If you open the following dataset Bti_Larvicide_dataset.csv:

# open dataset
Bti_data <- read.csv("Bti_Larvicide_dataset.csv")
# open data viewer
View(Bti_data)

You will notice that it contains 120 observations, and 2 columns:

  • The first column standing_water_id is the unique ID number for each observation
  • The second column Bti_mgl is the concentrations of Bti larvicides in various water bodies (in mg/L)

Let us build our first model that predicts the mean and standard deviation as a posterior distribution. Let us extract the bits and pieces of information for the data block:

  • Total sample size is 120. We will define that as N in the Stan as an integer int with non-zero values in the data block
  • The column in the data frame for Bti_data (i.e., Bti_mgl) needs to be extracted. We will define that as an array of size N containing real values. We will name the variable as bti in Stan within the data block

Now that we have the information, in RStudio, we will need to build this dataset into a list object using list() to connect it with the data block in the Stan script. Let us store the data in list object called stan_dataset:

# create a list object using the list() function
stan_dataset <- list(N = 120, bti = Bti_data$Bti_mgl)

# print data in console
stan_dataset

Now that the list object is prepared, we can start scripting in Stan.

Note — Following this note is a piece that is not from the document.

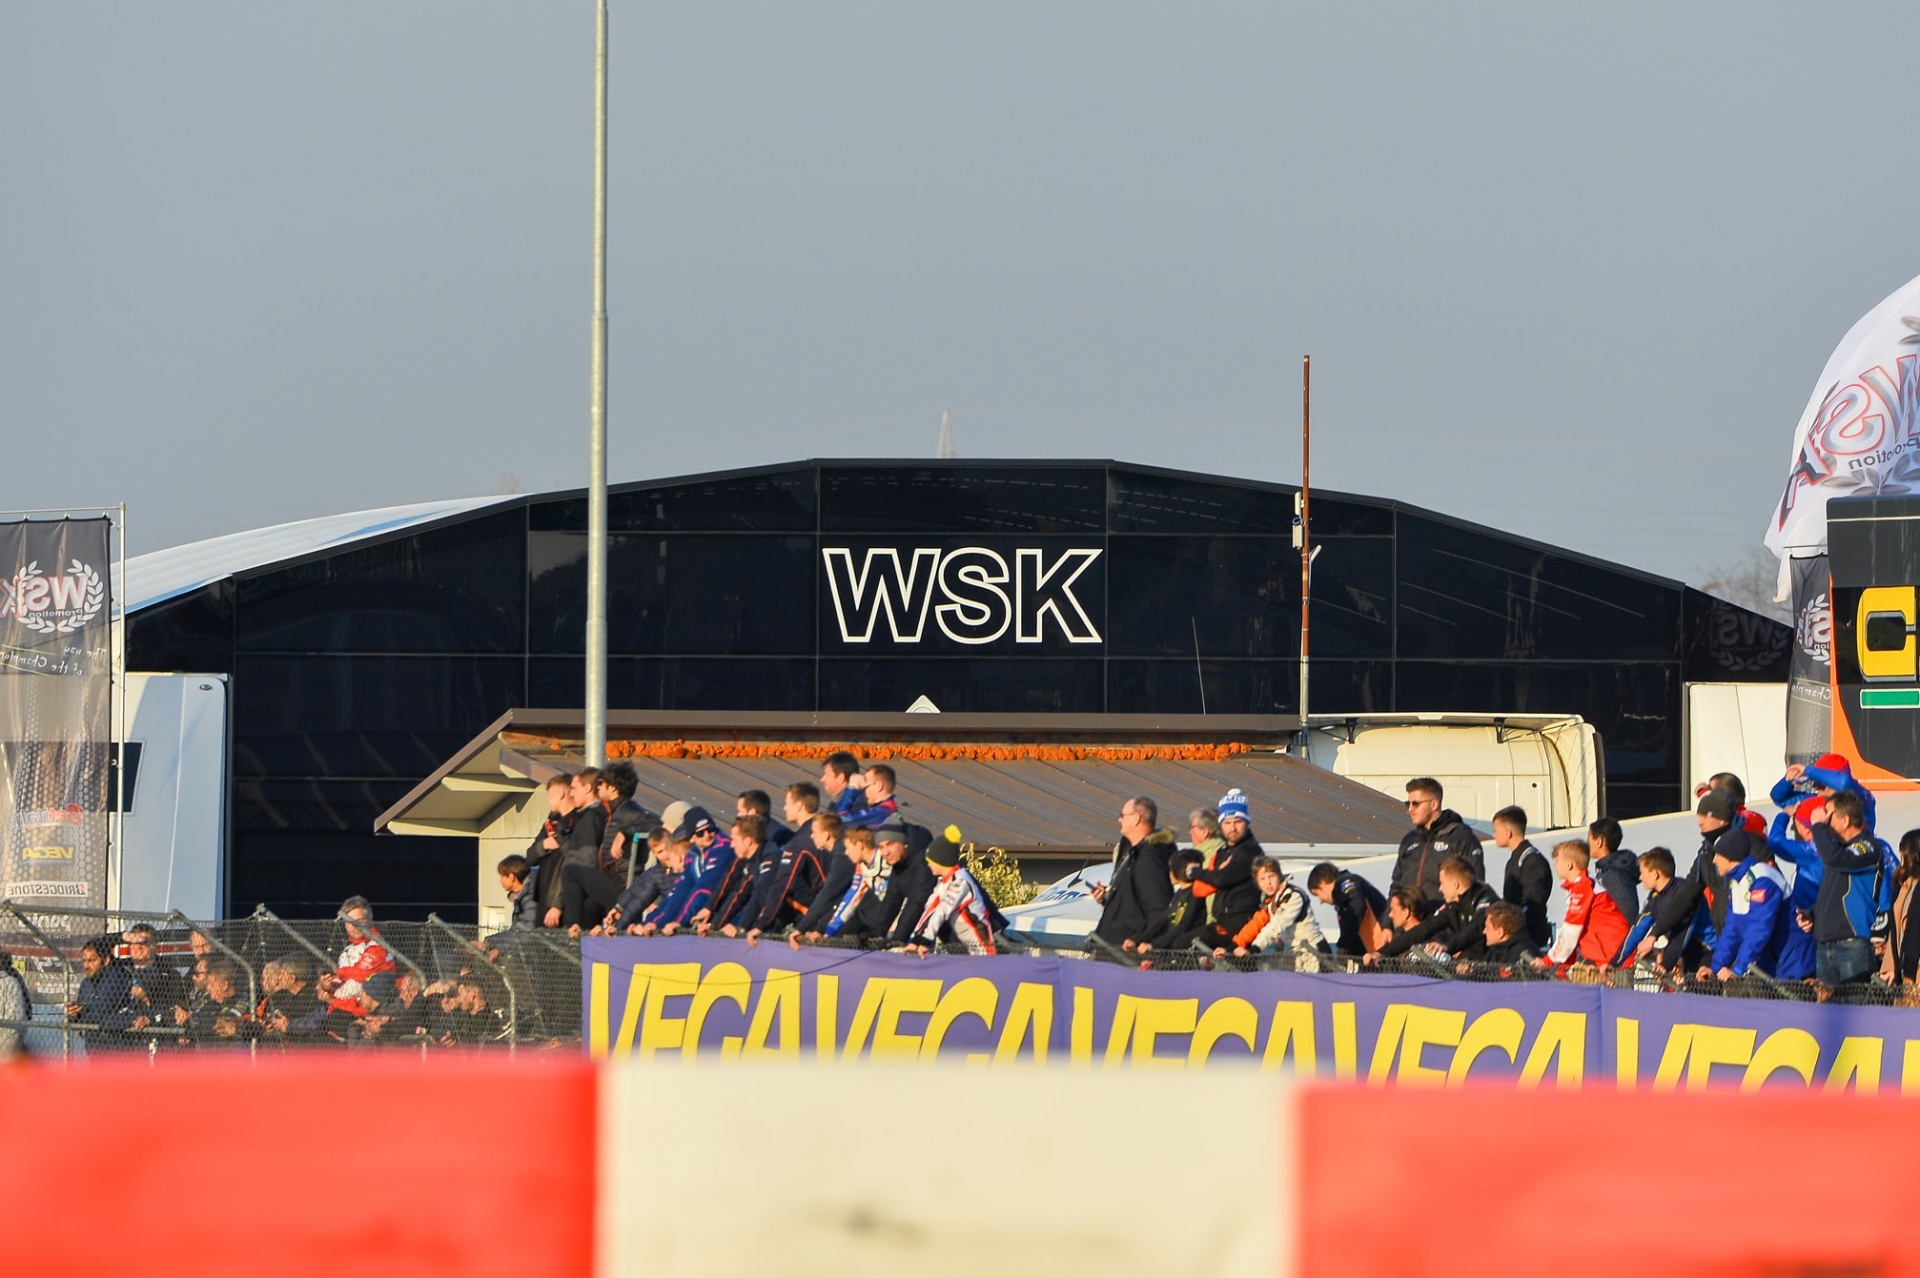 The WSK season starts again in July

FIRST: We specify the total number of samples as N that its an integer int which cannot be negative a number <lower = 0> in the data block. Also, we also need to specify name of the bti variable in stan that its an array of size N consisting real numbers in the data block too.

data {
    // define N (120)
    int<lower = 0> N;
    // create an array of size 120 to store BTI values
    array[N] real bti;
}

SECOND: For the parameters block, here we will need to specify the name of the parameters that we want to infer. Here, its \(\mu\) which is the mean levels of Bti concentrations, as well as \(\sigma\) which is the standard deviation. Note that, we need to tell Stan that these parameters are real numbers, as well as they are strictly positive values (i.e., use <lower = 0> to apply constraint) because we cannot have negative concentrations & a negative value for standard deviation.

data {
    // define N (120)
    int<lower = 0> N;
    // create an array of size 120 to store BTI values
    array[N] real bti;
}

parameters {
    // defined the mean as mu
    real<lower = 0> mu;
    // defined the SD as sigma
    real<lower = 0> sigma;
}

THIRD: For the model block, we need to state that both \(\mu\) and \(\sigma\) in the likelihood function - hence, bti variable will be sampled from the normal distribution. The model block will be:

data {
    // define N (120)
    int<lower = 0> N;
    // create an array of size 120 to store BTI values
    array[N] real bti;
}

parameters {
    // defined the mean as mu
    real<lower = 0> mu;
    // defined the SD as sigma
    real<lower = 0> sigma;
}

model {
    // likelihood function, without any prior distribution specified
    bti ~ normal(mu, sigma);
}

COMPLIMENTS: Well done, we have built our first Bayesian model in Stan. Let us now save this script. What we need to do next is compile this script in RStudio to get our results.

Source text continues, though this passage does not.